Totebox Orchestration users deploy VM-Totebox (data vault) and VM-Orchestration (fleet view). A single VM-Totebox instance is sufficient for a small business. Larger organisations add VM-Orchestration to aggregate across multiple archives.
Independent systems users deploy VM-MediaKit (websites and knowledge portals) or VM-PrivateGit (source control) without a Totebox dependency. These are standalone appliances — they do not require a WireGuard mesh to function, though they may optionally join one.
[edit]Unikernel roadmap
Phase 1 for all VM types uses Ubuntu 24.04 under QEMU (KVM-accelerated where available, TCG fallback for hardware without virtualisation extensions). This is the operational baseline.

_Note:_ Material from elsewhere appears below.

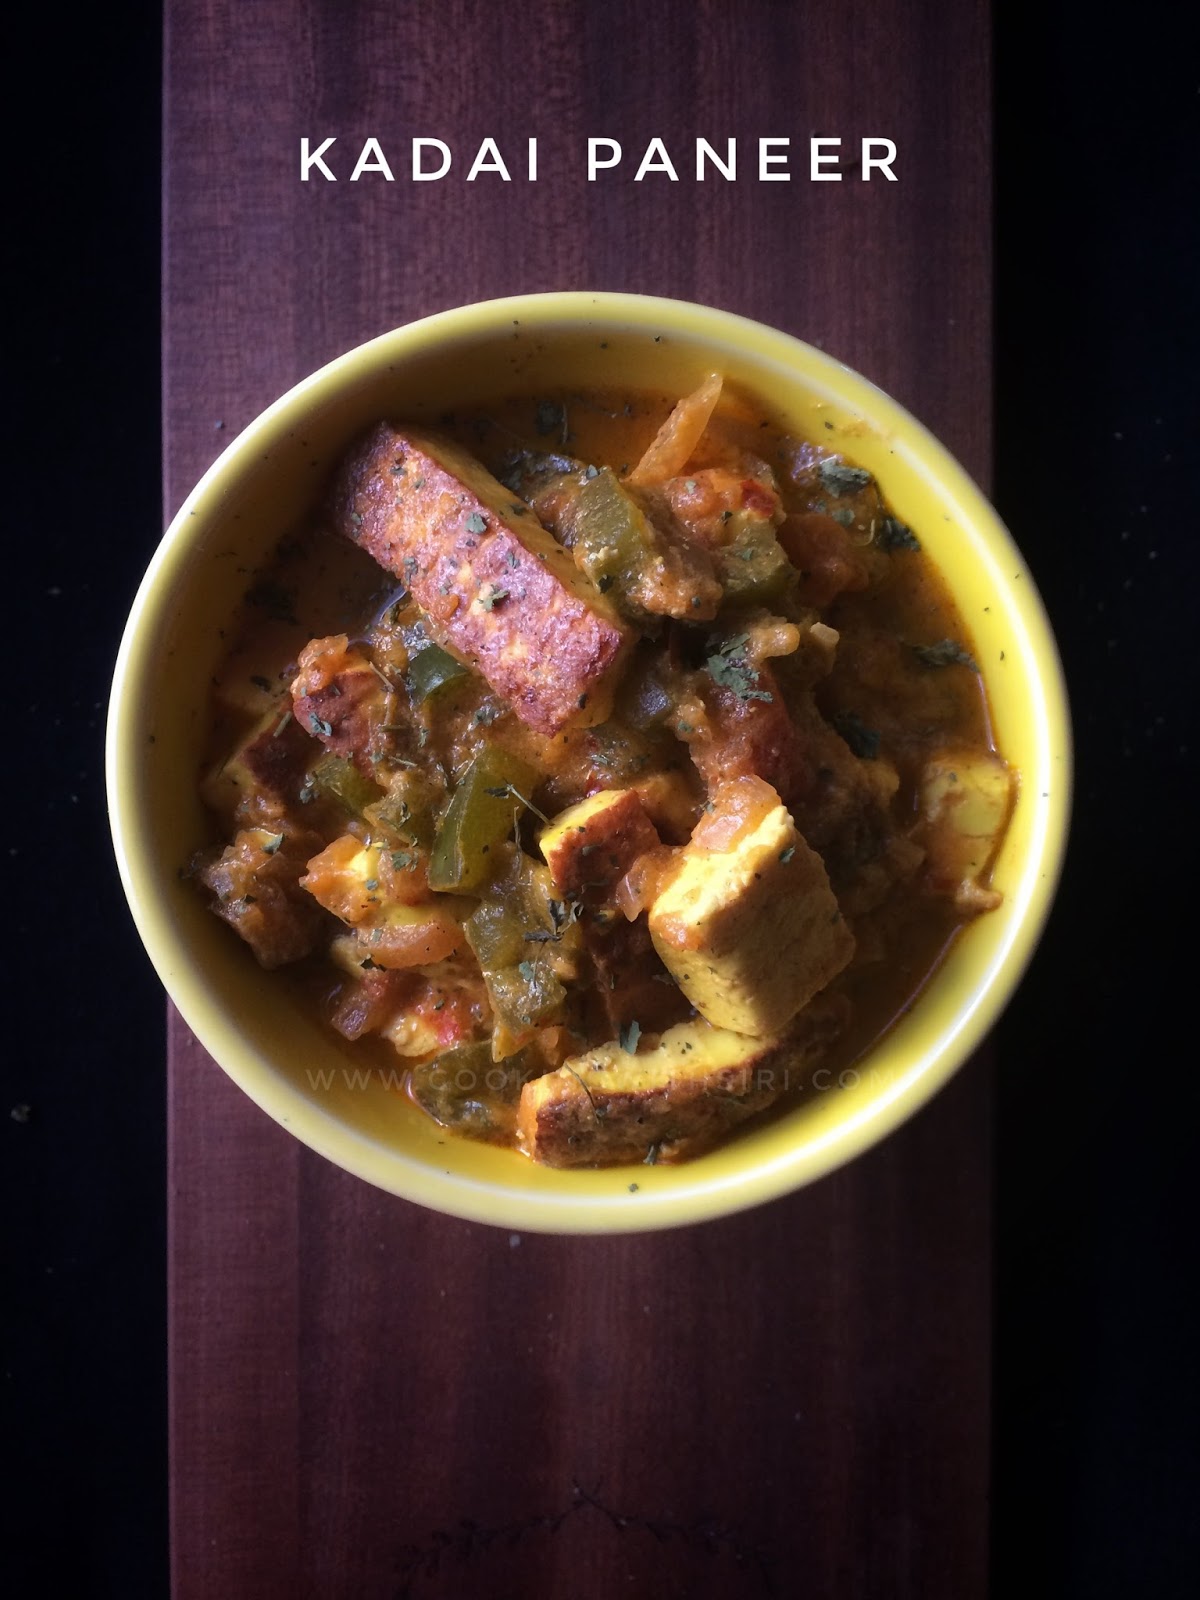 Cooking With Siri Recipes Reviews And Reflections Kadai Paneer Recipe With Homemade Kadai Masala Powder
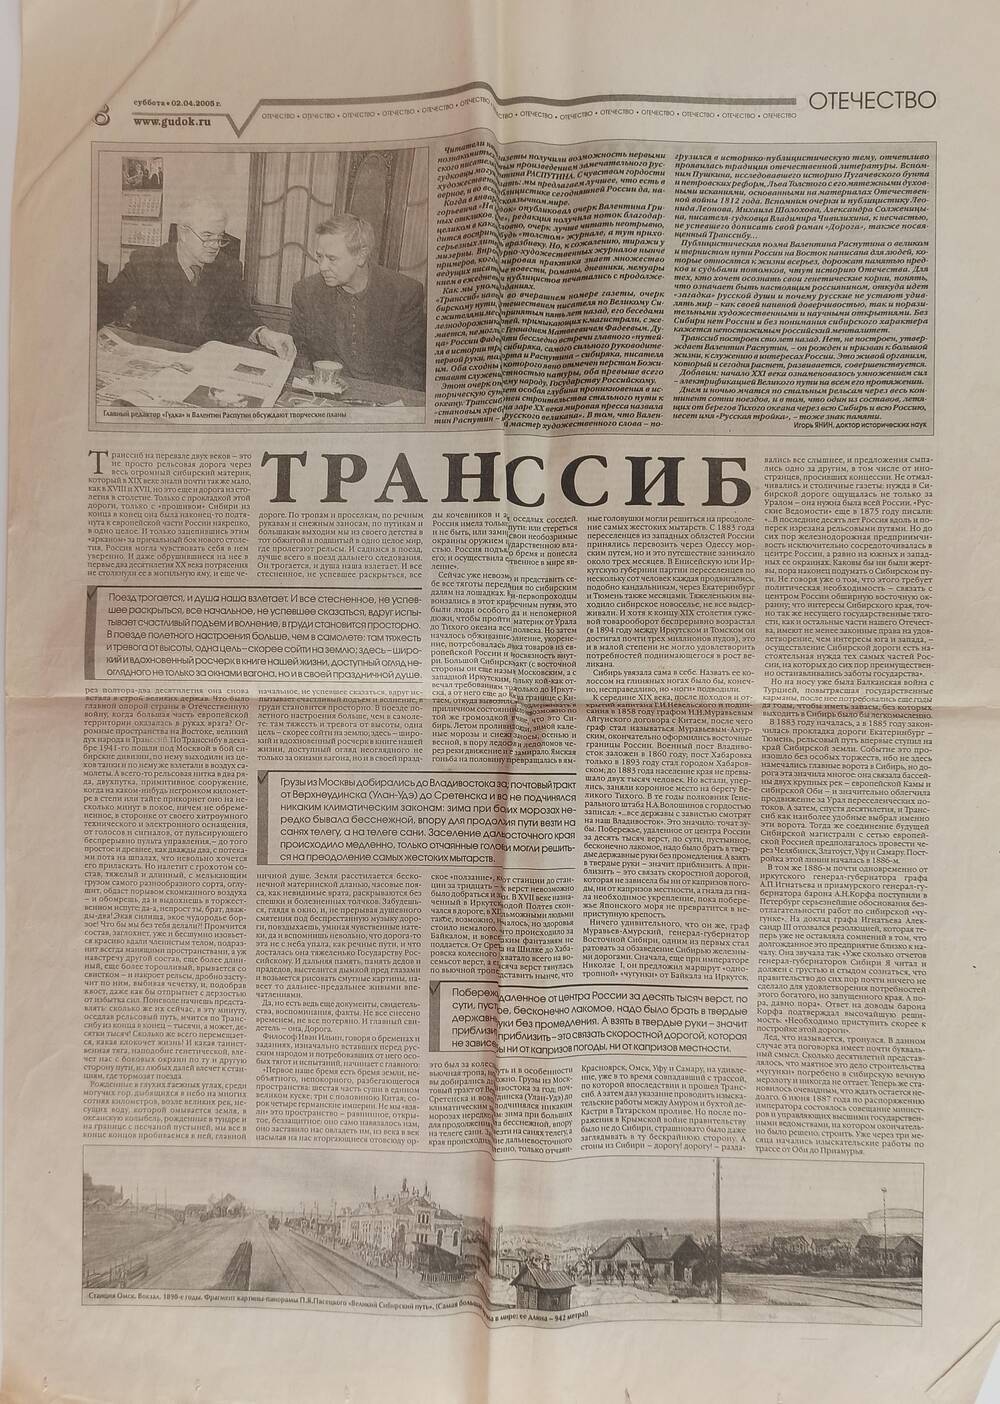 Вырезка из газеты Гудок - статья Транссиб, на 5 - ти листах. 02.04.2005 - 07.04.2005 г.

Phase 2 introduces lighter-weight hosting per VM type: FreeBSD jails for MediaKit's per-workload isolation, Alpine Linux with musl-linked static binaries for Totebox, and gVisor sandboxing for Orchestration aggregators.
Phase 3 is the intended unikernel target. VM-Totebox and VM-MediaKit are intended to run as seL4 Microkit protection domains on AArch64 hardware (gated on hardware acquisition). VM-Orchestration aggregator processes are intended to target NanoVMs/OPS; SLM inference and GPU-accelerated workloads are intended to remain on a full Linux host. The host fleet itself (VM-Infrastructure) is intended to run the os-infrastructure binary on NetBSD/NVMM (x86-64 compat bottom, Phase 2) or seL4+Microkit (AArch64 native bottom, Phase 3).
Microkit 2.2.0 includes an x86_64_generic_vtx target, but x86-64 Microkit is capacity-capped to one vCPU per guest and requires Intel VT-x. AArch64 is the intended production Phase 3 path. Phase 2 on x86-64 uses NetBSD/NVMM — NVMM (NetBSD Virtual Machine Monitor) is NetBSD's native bare-metal hypervisor, mainline since NetBSD 9.0, using QEMU with the -accel nvmm flag. Both compat and native bottoms share the same capability ledger (system-core).
[edit]Resource pooling
The three-node WireGuard mesh (one cloud node and up to two on-premises nodes) forms a unified VM resource pool. This pooling is a free-tier PPN primitive — operators do not pay per node joined to the pool.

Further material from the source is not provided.